- Data:
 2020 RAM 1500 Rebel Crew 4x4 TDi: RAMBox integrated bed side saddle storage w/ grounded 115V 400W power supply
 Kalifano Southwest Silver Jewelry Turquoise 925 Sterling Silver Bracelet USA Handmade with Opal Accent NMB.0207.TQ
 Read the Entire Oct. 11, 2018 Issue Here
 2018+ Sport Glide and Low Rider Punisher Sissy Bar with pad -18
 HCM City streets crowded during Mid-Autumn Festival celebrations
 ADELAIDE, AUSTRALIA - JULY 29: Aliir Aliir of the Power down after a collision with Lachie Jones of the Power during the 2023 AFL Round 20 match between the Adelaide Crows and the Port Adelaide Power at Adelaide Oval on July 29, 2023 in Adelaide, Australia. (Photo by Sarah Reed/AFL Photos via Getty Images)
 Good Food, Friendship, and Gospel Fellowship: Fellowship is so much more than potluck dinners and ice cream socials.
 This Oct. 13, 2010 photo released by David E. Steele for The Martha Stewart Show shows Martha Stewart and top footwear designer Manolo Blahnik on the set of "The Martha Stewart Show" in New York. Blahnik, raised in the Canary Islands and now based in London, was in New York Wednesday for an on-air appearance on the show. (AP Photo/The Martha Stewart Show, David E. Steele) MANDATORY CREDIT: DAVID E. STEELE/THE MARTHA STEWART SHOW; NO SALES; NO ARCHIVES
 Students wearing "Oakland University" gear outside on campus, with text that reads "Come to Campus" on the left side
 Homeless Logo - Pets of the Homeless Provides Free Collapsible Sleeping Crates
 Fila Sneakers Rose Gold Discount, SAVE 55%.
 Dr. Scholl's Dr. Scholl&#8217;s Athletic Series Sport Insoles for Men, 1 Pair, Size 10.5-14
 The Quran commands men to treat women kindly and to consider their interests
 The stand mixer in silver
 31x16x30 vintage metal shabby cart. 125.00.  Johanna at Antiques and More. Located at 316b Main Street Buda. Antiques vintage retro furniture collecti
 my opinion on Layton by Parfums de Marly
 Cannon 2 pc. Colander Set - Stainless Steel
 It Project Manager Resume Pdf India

- Problem to work on:
Each line from the one containing "31x16x30 vintage metal" to the close of the records must appear in the output exactly, and no other line.

- Reply:
 31x16x30 vintage metal shabby cart. 125.00.  Johanna at Antiques and More. Located at 316b Main Street Buda. Antiques vintage retro furniture collecti
 my opinion on Layton by Parfums de Marly
 Cannon 2 pc. Colander Set - Stainless Steel
 It Project Manager Resume Pdf India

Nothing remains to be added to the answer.